Ques 5.1 - Is there a relation between the number of co-writers and Rating?¶


• Nothing conclusive can be said since the number of episodes written by more than one writer is only 33/186 making the data too skewed for conclusive observations.

Ques 5.2 - Do any particular director-writer combination fare better ratings?¶


• Director-Writer pairs who have worked together in more than one episode seem to rake in slightly better ratings than those pairs who have worked together in only one episode.


• For (Jeffrey Blitz, Paul Lieberstein)-2/2 episodes,(Ken Kwapis, Greg Daniels)-2/3 episodes and (Paul Feig, Gene Stupnitsky | Lee Eisenberg)-3/4 episodes that they worked together on have ratings > 75th percentile of ratings(>8.6).
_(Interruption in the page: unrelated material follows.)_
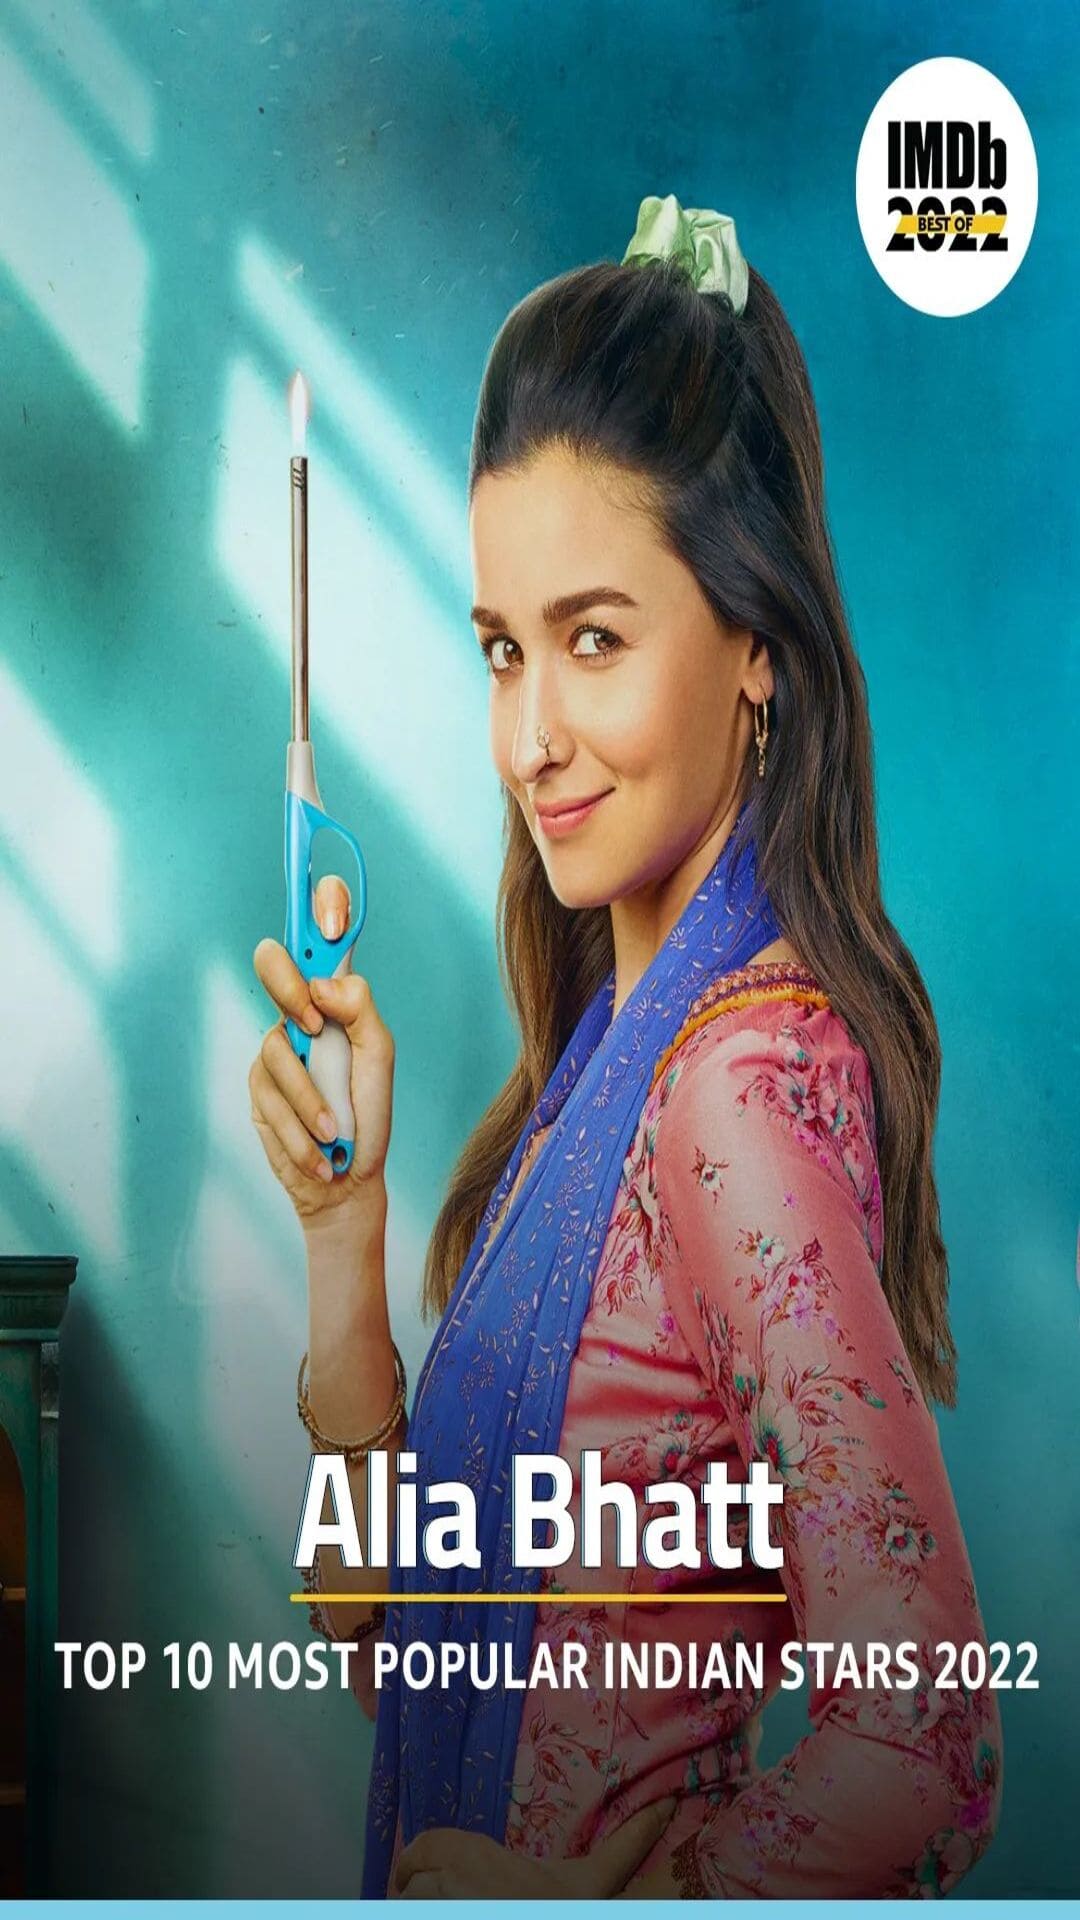 Dhanush And Alia Bhatt, The Most Popular Stars Of 2022

While for (Matt Sohn, Allison Silverman)-2/2 episodes that they worked together on have ratings < 25th percentile of ratings(<7.8).
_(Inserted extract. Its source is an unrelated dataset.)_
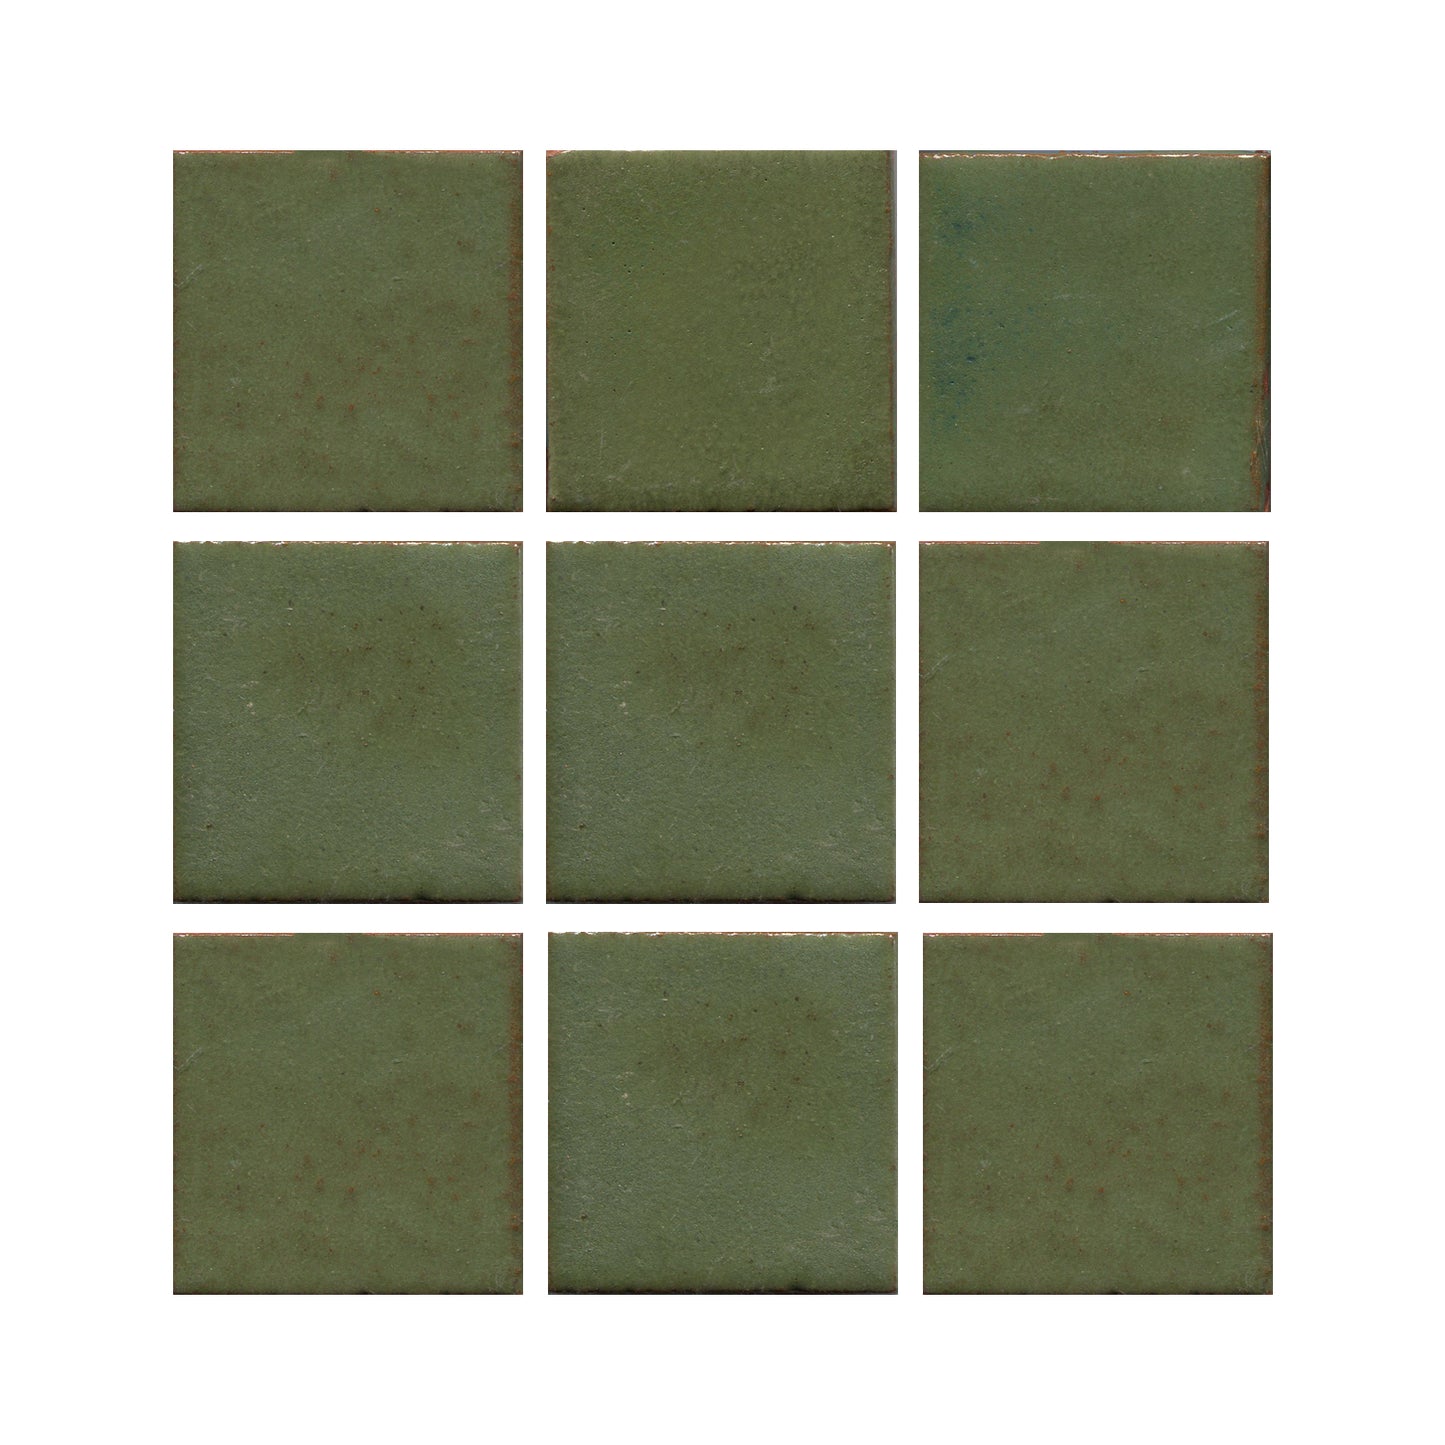 Pesto green 3x3 field tile

• Percentage shown is with respect to total number of episodes per season. Season 6 and 8 experimented with the most number of new director-writer pairs(who worked together in just one episode) hence accounting for almost 80% of the episodes in both seasons.

Ques 5.3 - Do actors make good directors/writers considering they know the show from a different perspective?¶


• Although the number of episodes(19) involved are too less to form any conclusive observations,in Season 6 and 8, 5/7 actors directed an episode possibly to revive the low ratings.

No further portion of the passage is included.